Assignment
The answer is to be the data that follows, transcribed exactly, minus its pictures.

*** Data segment

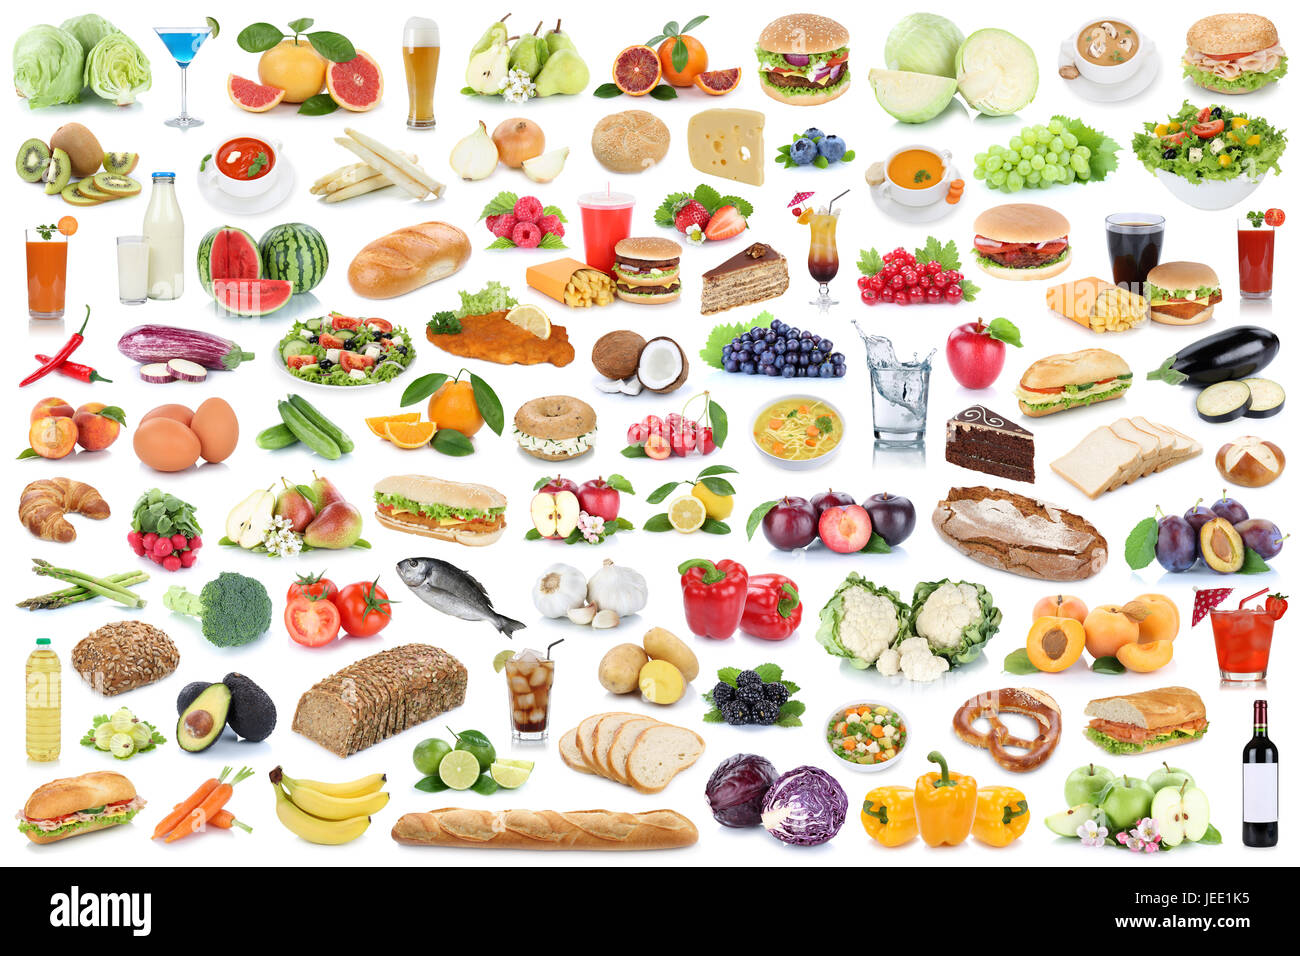 Cibo e bevande insieme collage mangiare sano frutta ortaggi frutta bevande isolato su uno sfondo bianco Foto Stock
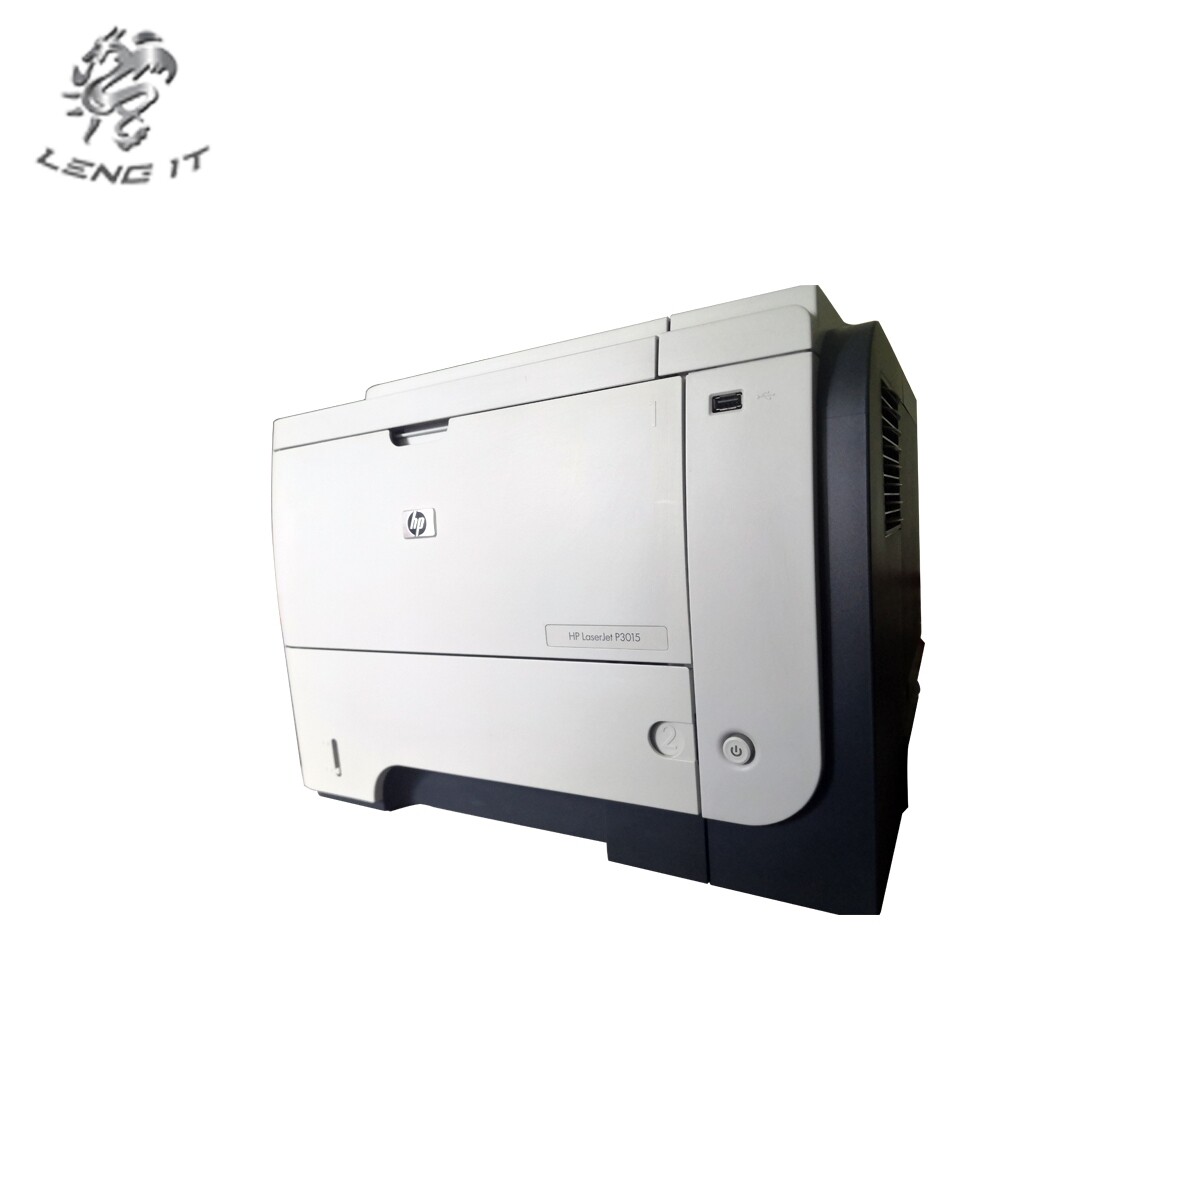 เครื่องปริ้น HP LaserJet Printer P3015 มือสอง ขาว-ดำ 40 แผ่นต่อนาที (A4) 1200x1200 dpi
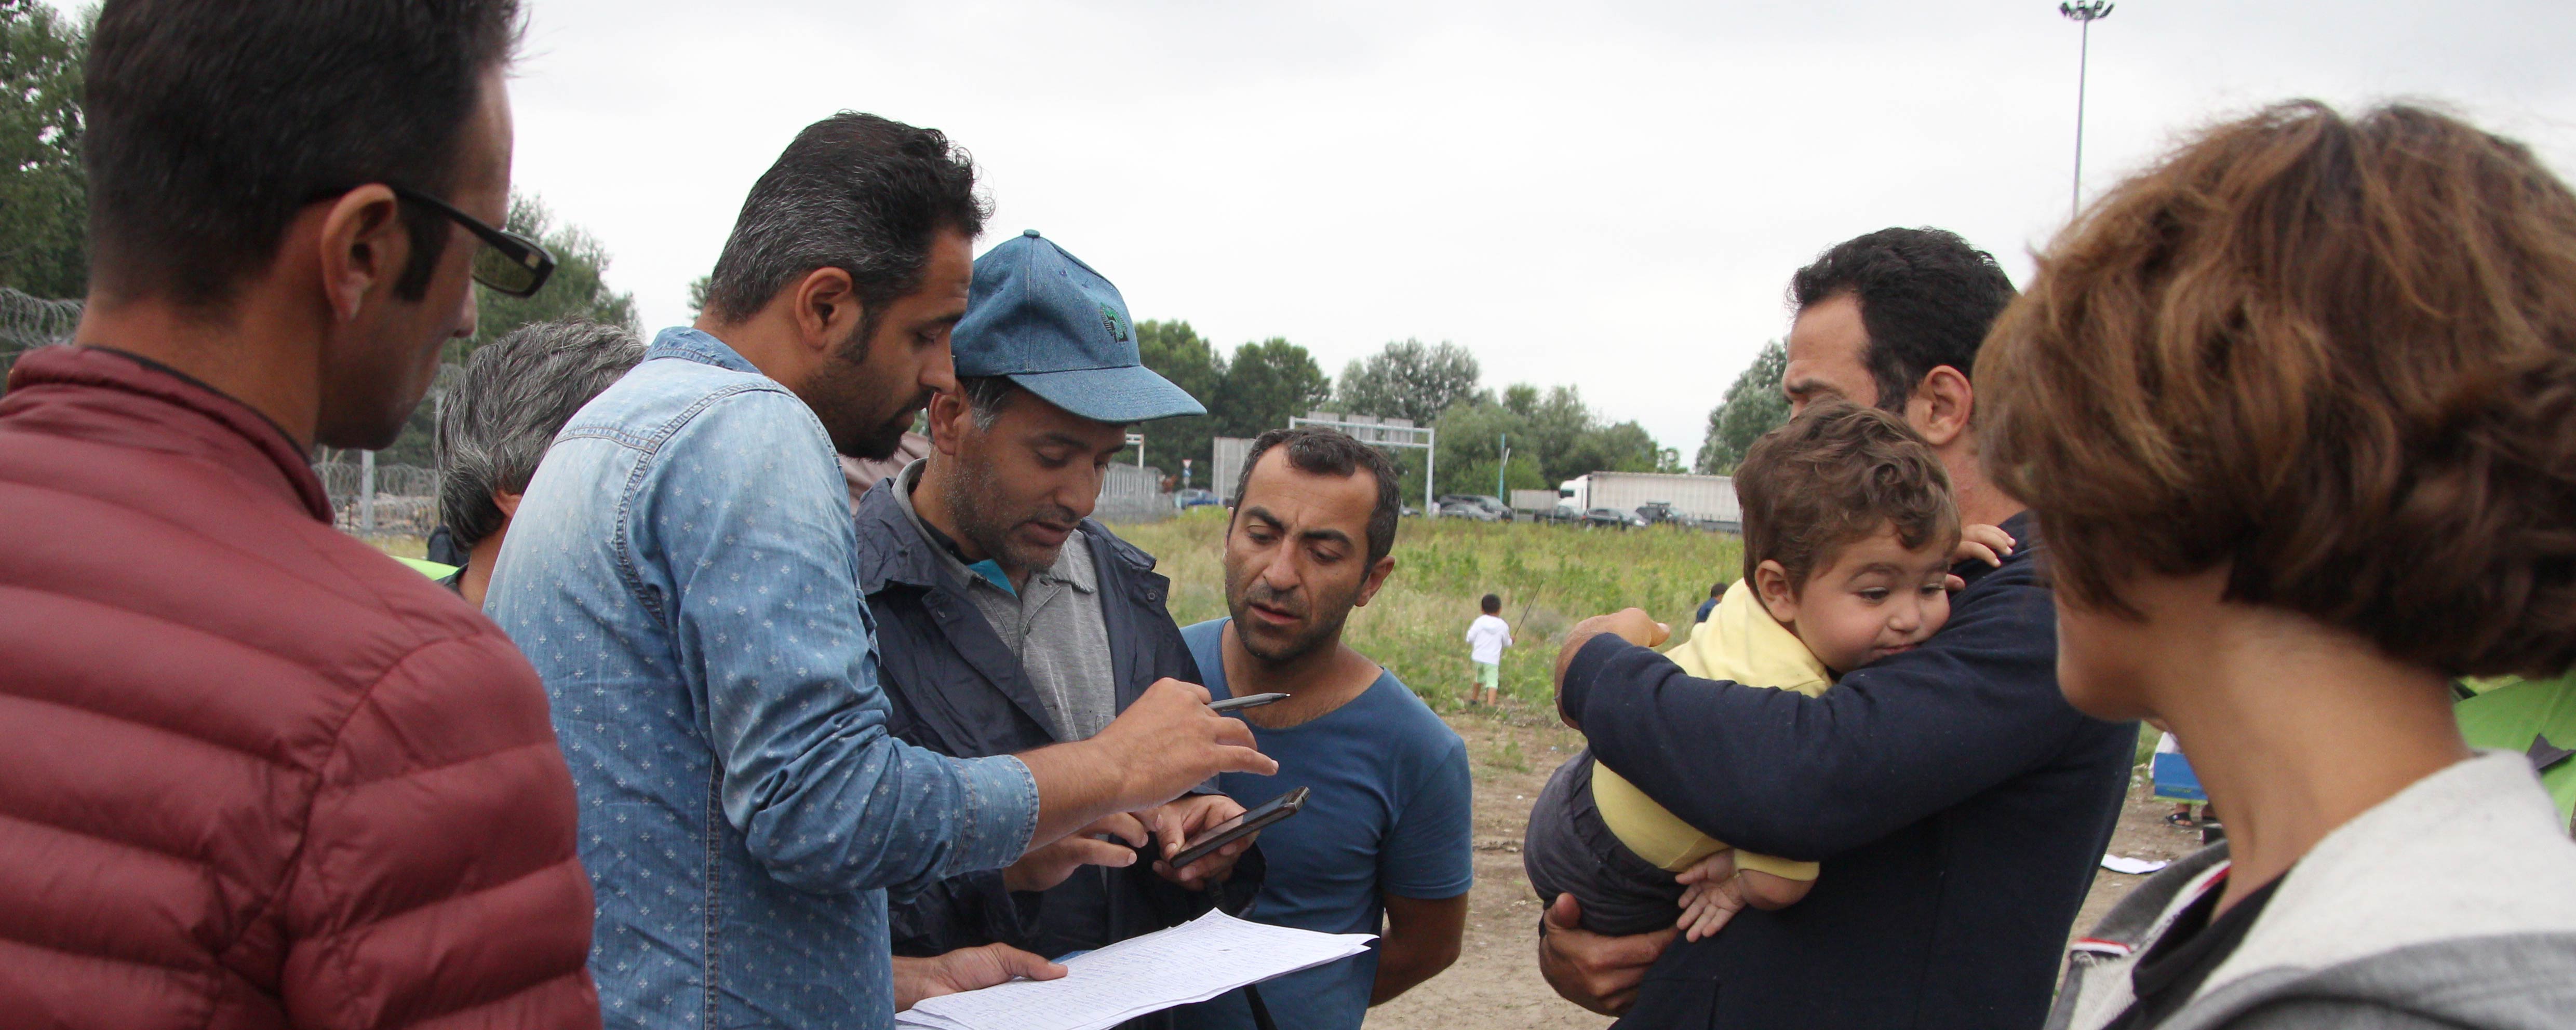 Žiadosti o azyl zo Sýrie, Iraku a ďalších konfliktných zón v prvom polroku 2014 vzrástli

******

Answer to the problem
 Cibo e bevande insieme collage mangiare sano frutta ortaggi frutta bevande isolato su uno sfondo bianco Foto Stock
 เครื่องปริ้น HP LaserJet Printer P3015 มือสอง ขาว-ดำ 40 แผ่นต่อนาที (A4) 1200x1200 dpi
 Žiadosti o azyl zo Sýrie, Iraku a ďalších konfliktných zón v prvom polroku 2014 vzrástli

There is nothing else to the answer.